Data excerpt
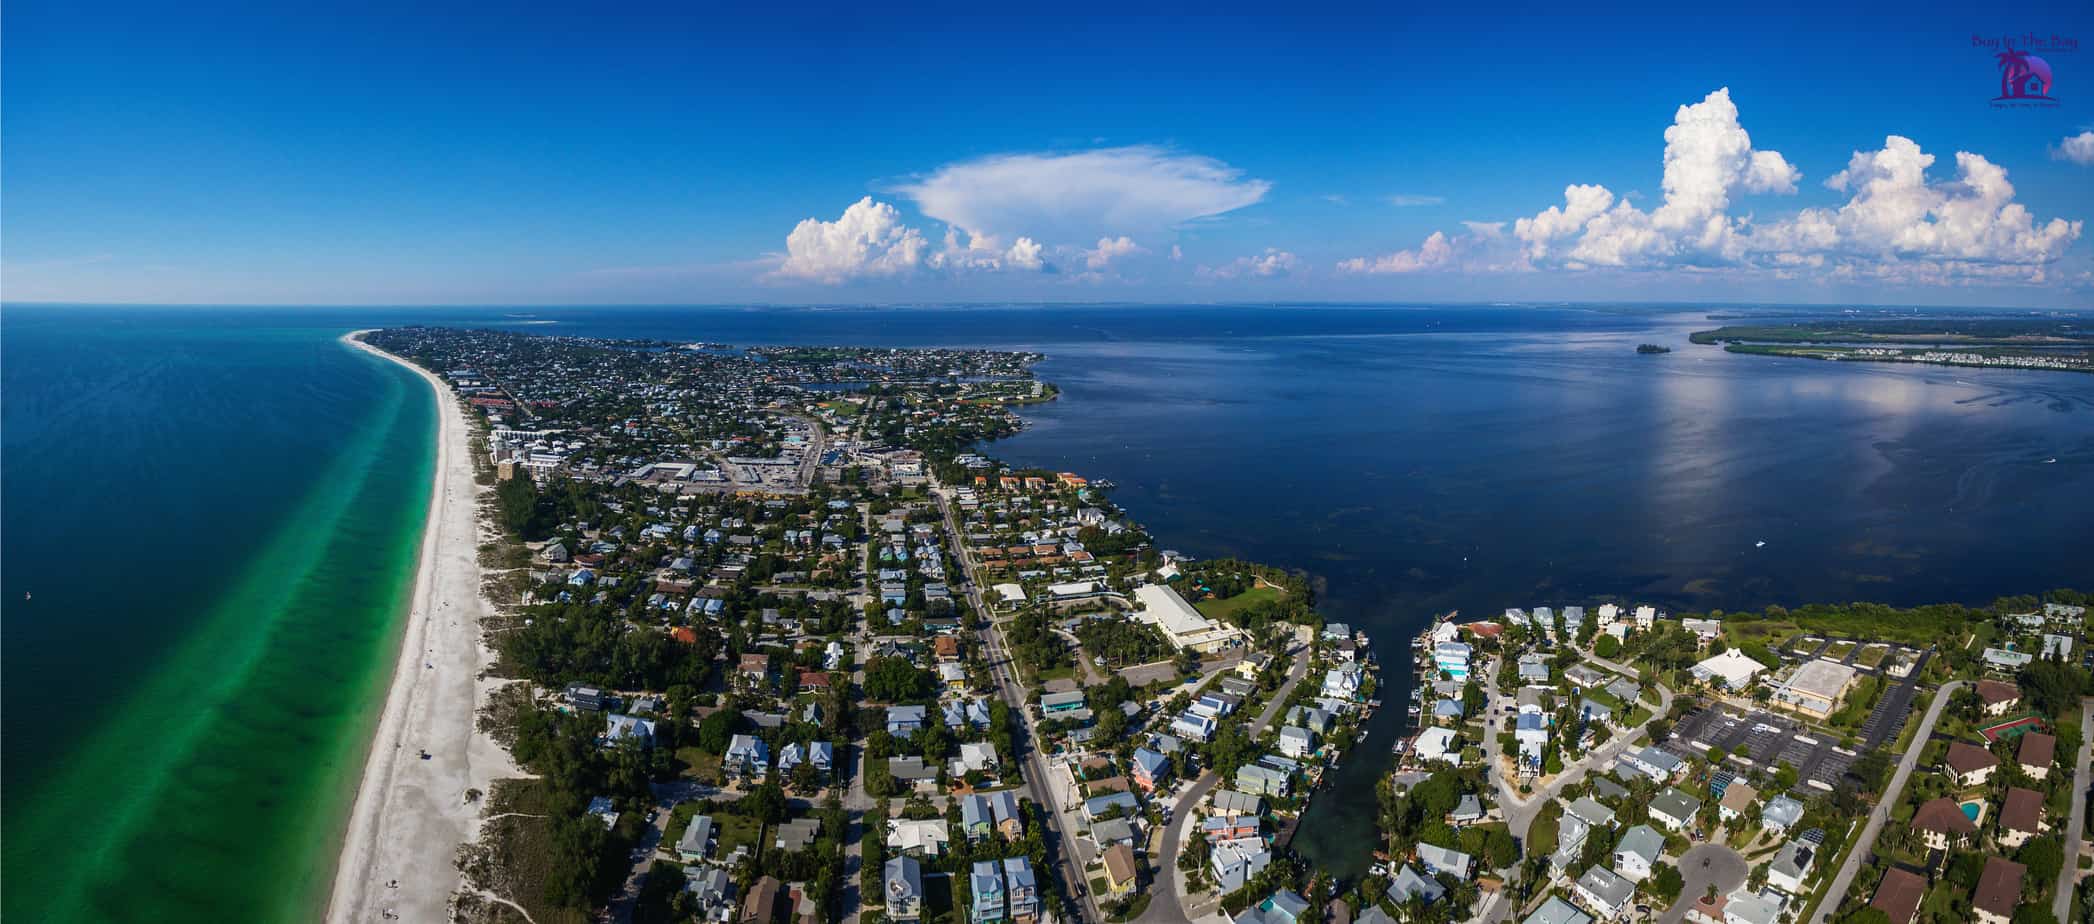 Ariel view of beach and houses on gulf of mexico in Anna Maria Island in Manatee County Florida
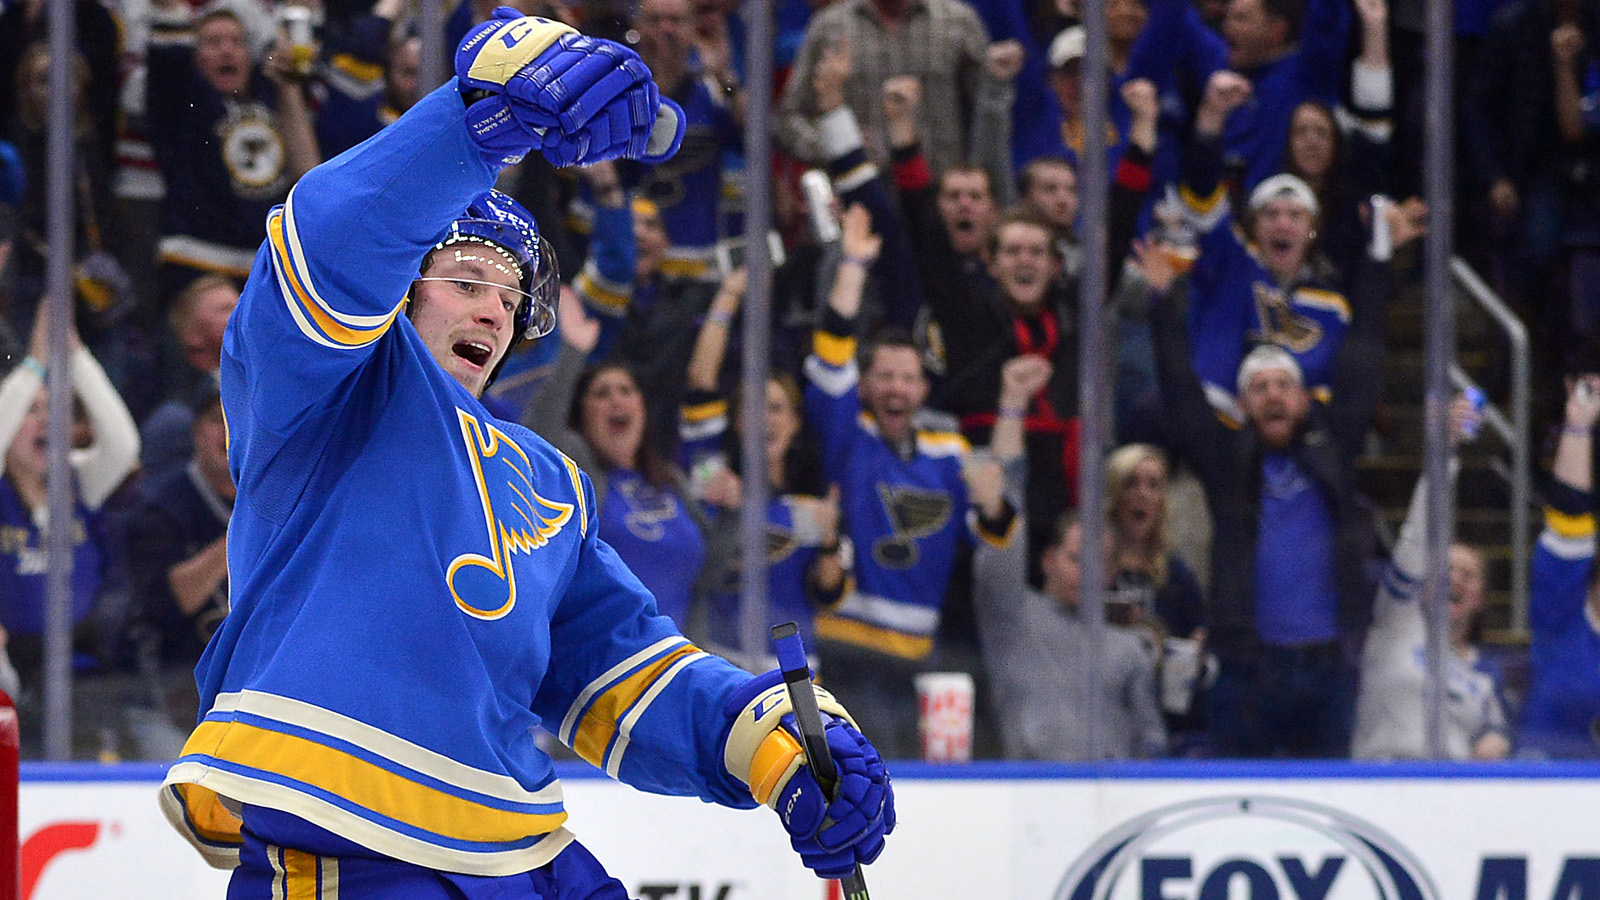 Blues bounce back in a major way with 7-3 victory over Blackhawks
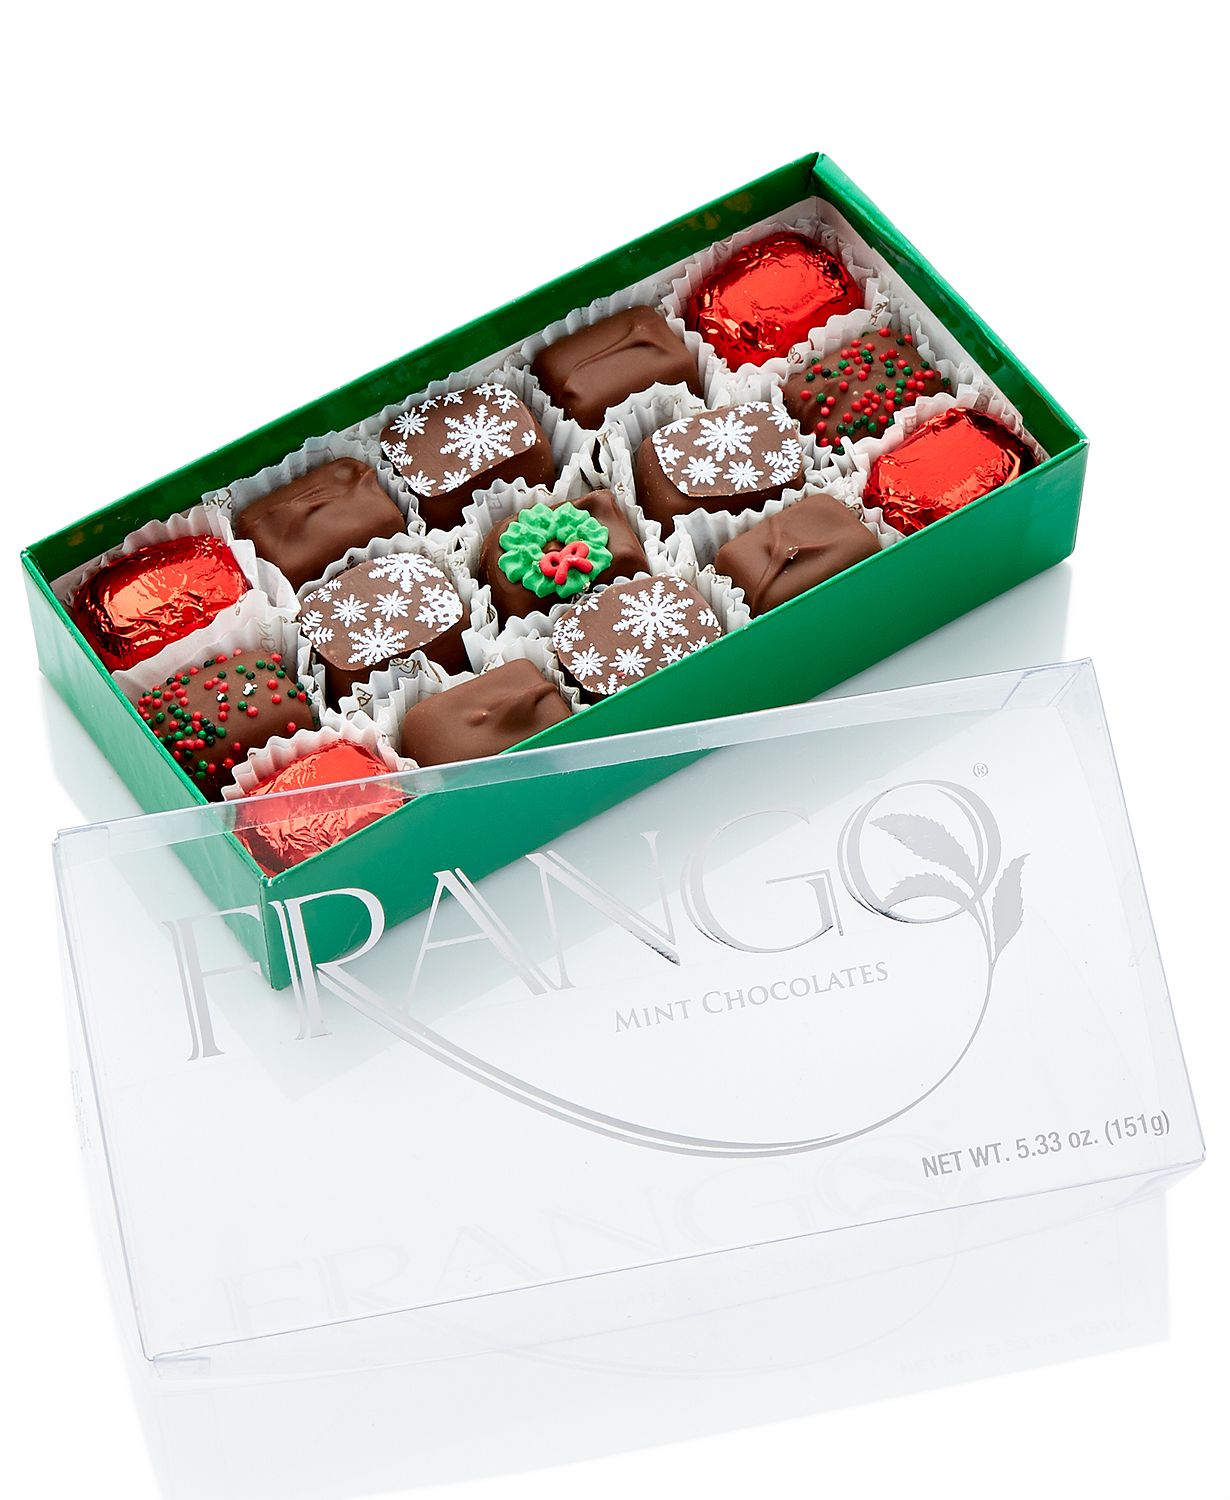 Frango Chocolates 5.99 Get them for the Holidays NOW while they are
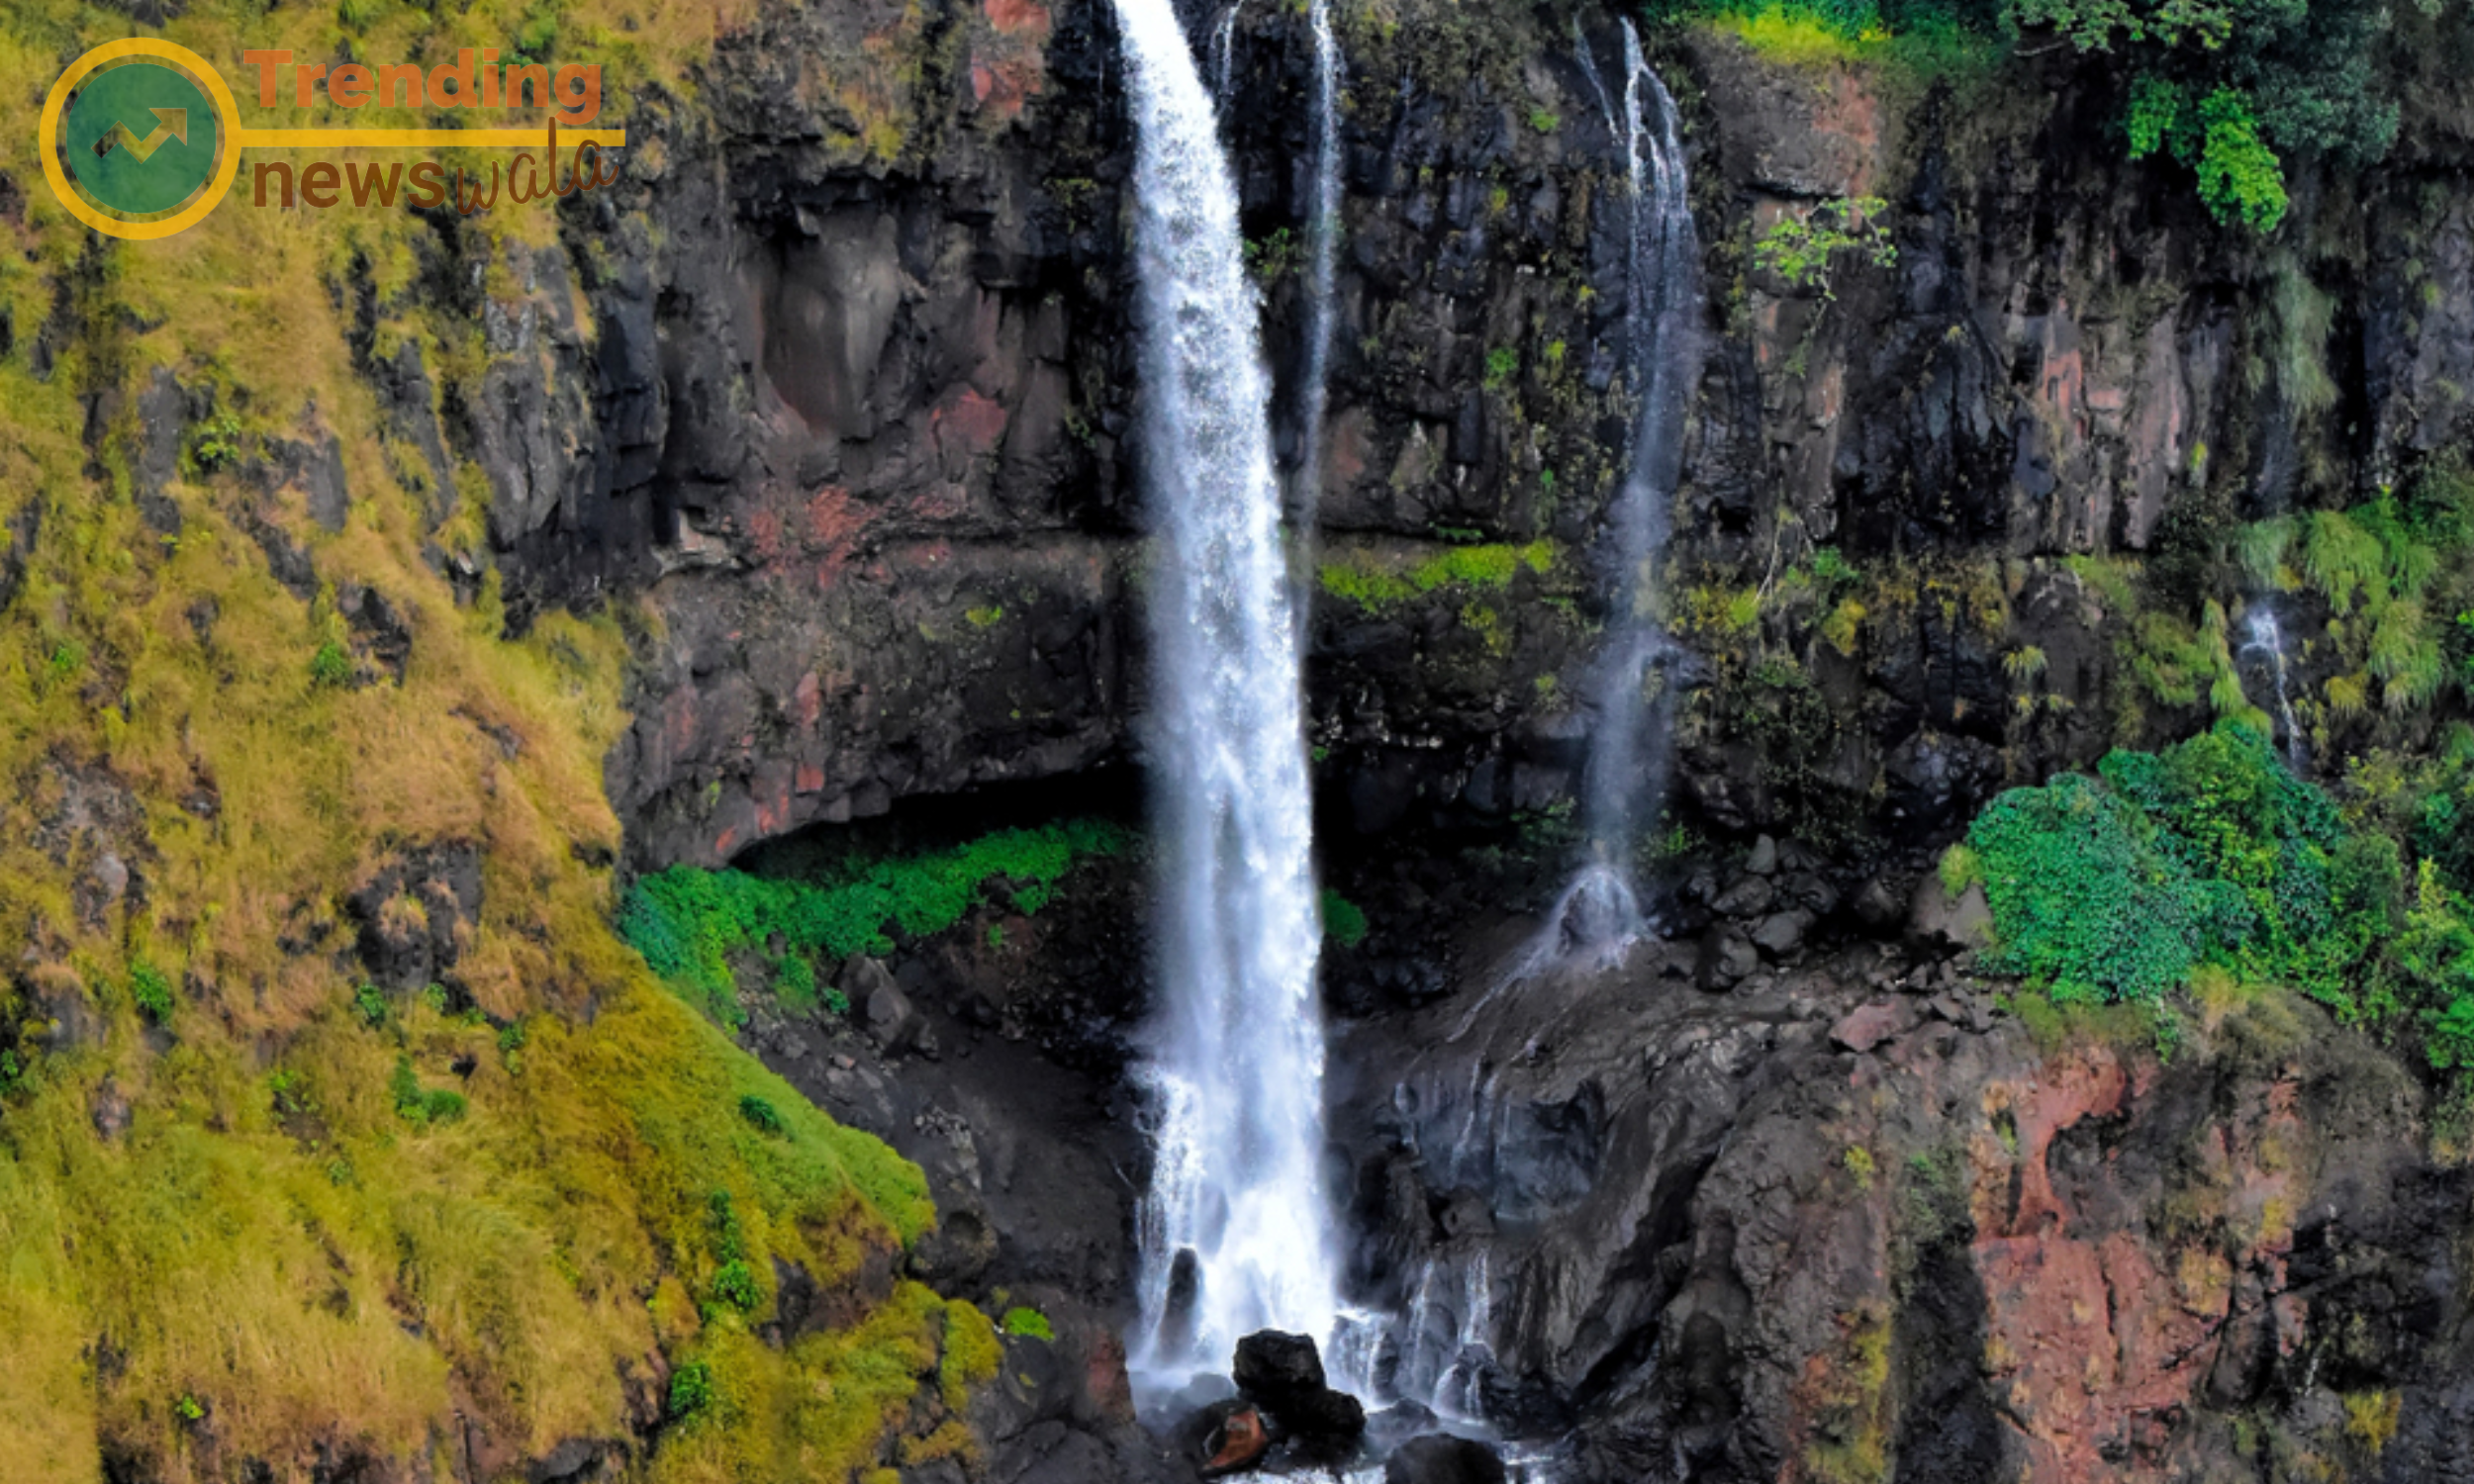 Cascading from a height of 600 feet, Lingmala Waterfall

Work task
Would you please set down the listing above exactly, minus its images?

Written answer
 Ariel view of beach and houses on gulf of mexico in Anna Maria Island in Manatee County Florida
 Blues bounce back in a major way with 7-3 victory over Blackhawks
 Frango Chocolates 5.99 Get them for the Holidays NOW while they are
 Cascading from a height of 600 feet, Lingmala Waterfall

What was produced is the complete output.